Division of Genetics, Department of Cancer Biology, the Institute of Medical Science, the University of Tokyo, Japan.
Ann Neurol. 2011 Feb;69(2):418-22. doi: 10.1002/ana.22312.
Myasthenia gravis (MG) is an autoimmune disease of the neuromuscular junction, where acetylcholine receptor (AChR), muscle-specific kinase (MuSK), and low-density lipoprotein (LDL) receptor-related protein 4 (Lrp4) are essential. About 80% and 0% to 10% of patients with generalized MG have autoantibodies to AChR and MuSK, respectively, but pathogenic factors are elusive in others. Here we show that a proportion of AChR antibody-negative patients have autoantibodies to Lrp4. These antibodies inhibit binding of Lrp4 to its ligand and predominantly belong to the immunoglobulin G1 (IgG1) subclass, a complement activator. These findings together indicate the involvement of Lrp4 antibodies in the pathogenesis of AChR antibody-negative MG.

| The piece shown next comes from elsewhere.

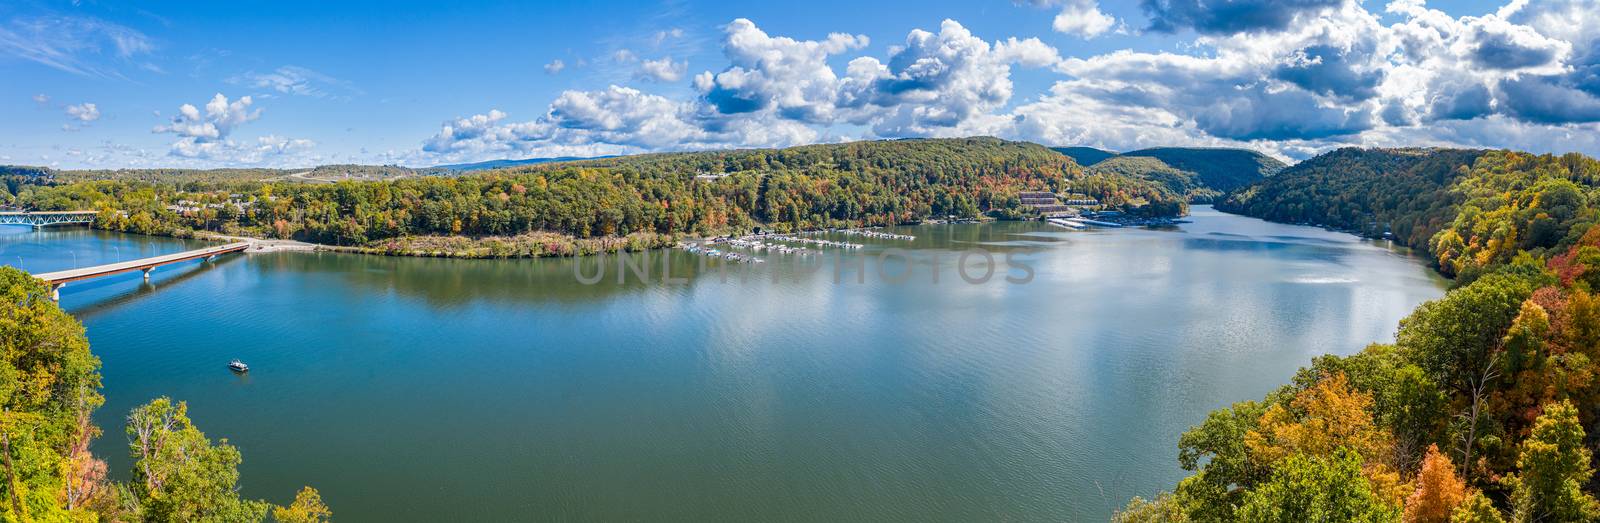 Aerial panorama of fall colors on Cheat Lake Morgantown, WV by steheap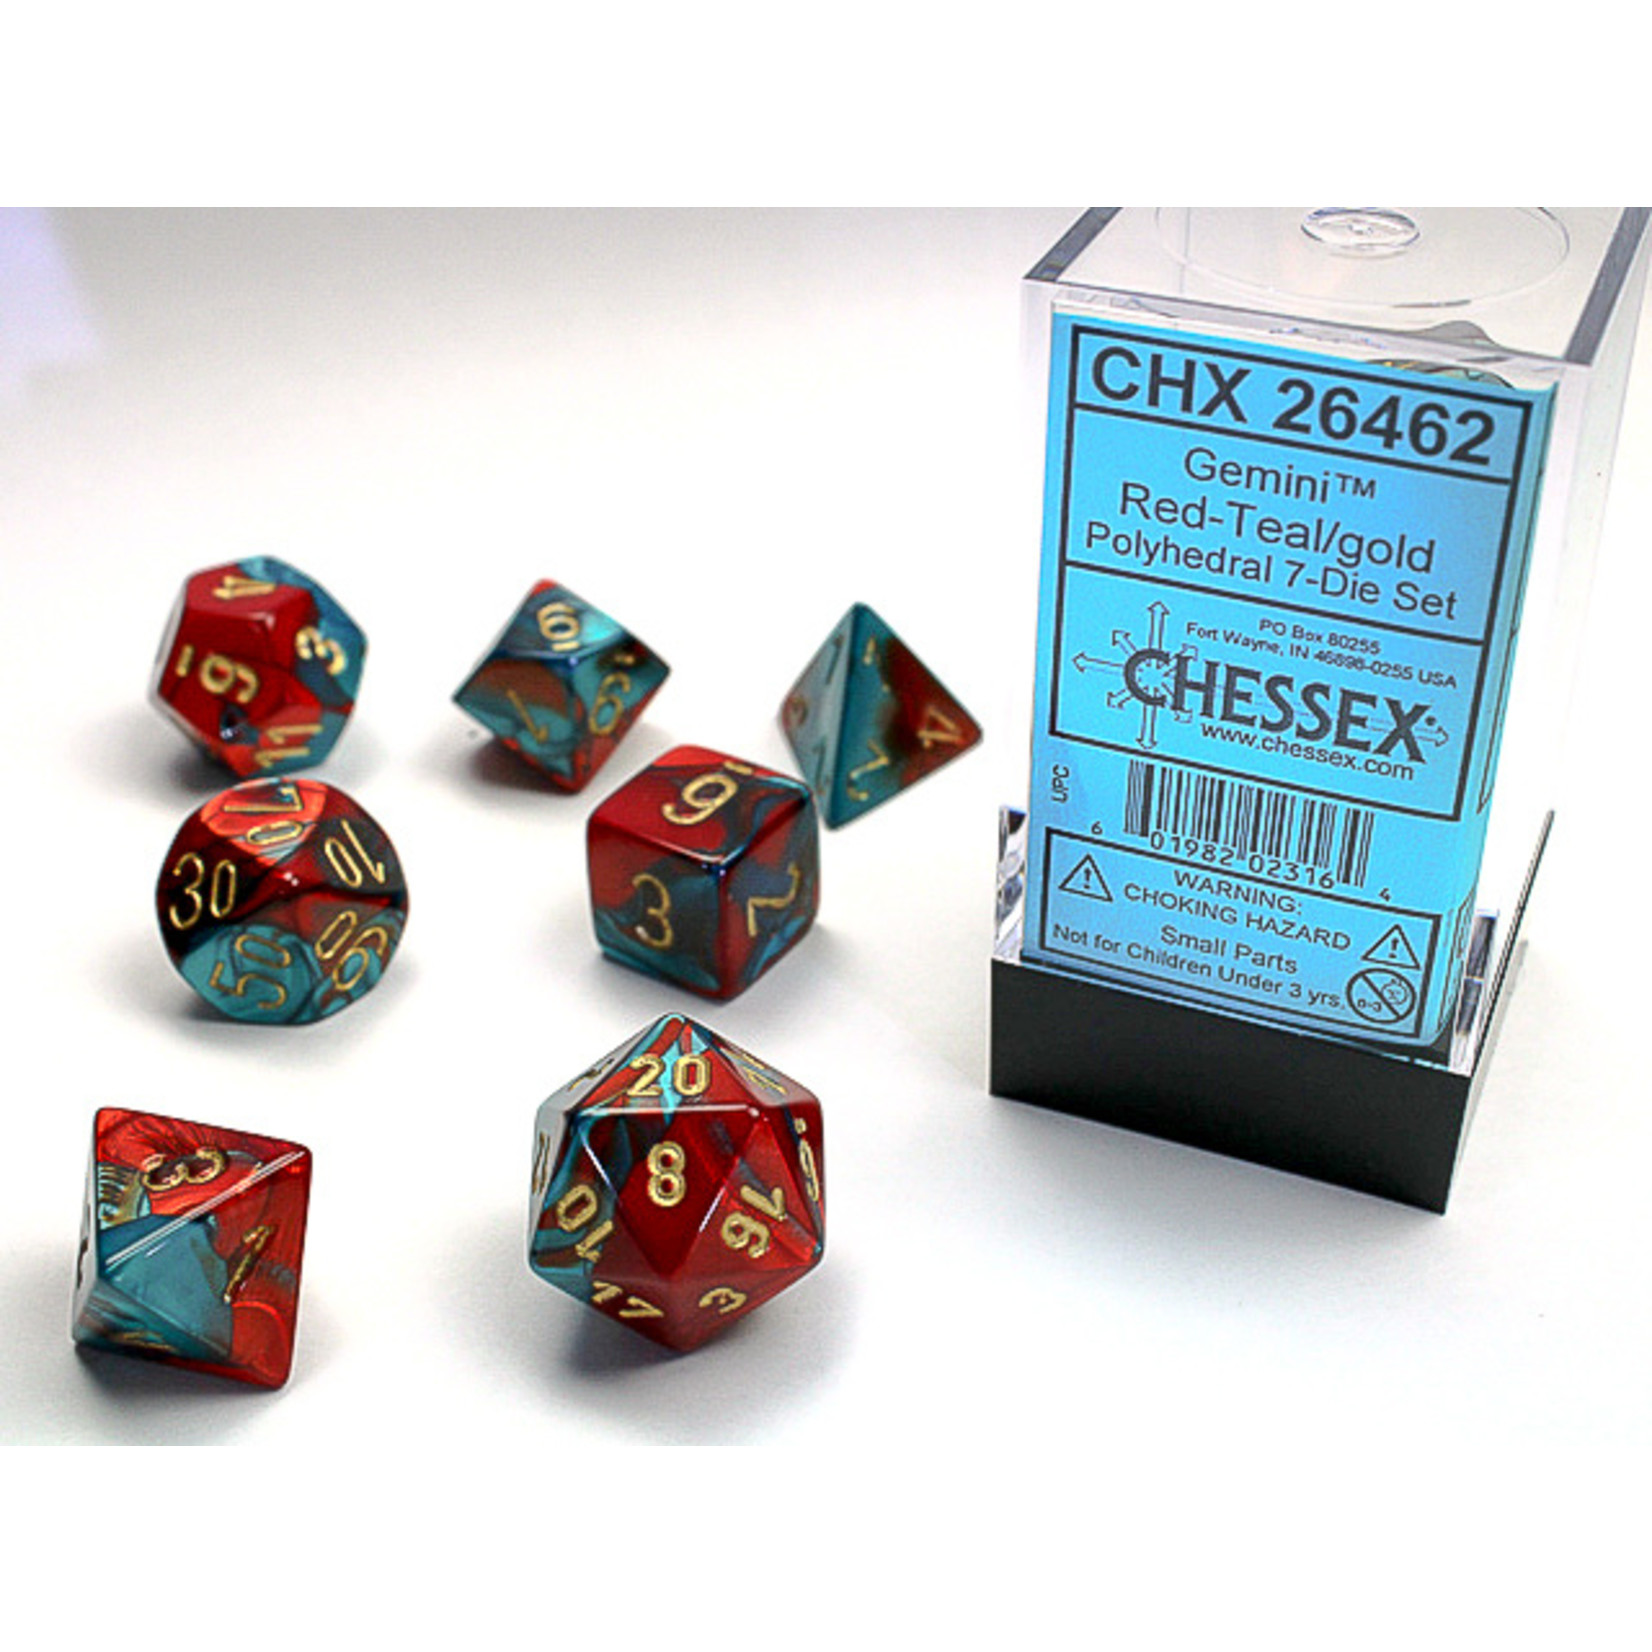 Chessex 26462 Gemini Red-Teal with Gold 7-Set

重症肌无力(MG)是一种神经肌肉接头的自身免疫性疾病,其中乙酰胆碱受体(AChR)、肌肉特异性激酶(MuSK)和低密度脂蛋白受体相关蛋白 4(Lrp4)是必不可少的。约 80%和 0%至 10%的全身性 MG 患者分别具有针对 AChR 和 MuSK 的自身抗体,但其他患者的致病因素尚不清楚。在这里,我们表明,一部分 AChR 抗体阴性的患者具有针对 Lrp4 的自身抗体。这些抗体抑制 Lrp4 与其配体的结合,并且主要属于免疫球蛋白 G1(IgG1)亚类,是补体激活物。这些发现共同表明 Lrp4 抗体参与了 AChR 抗体阴性 MG 的发病机制。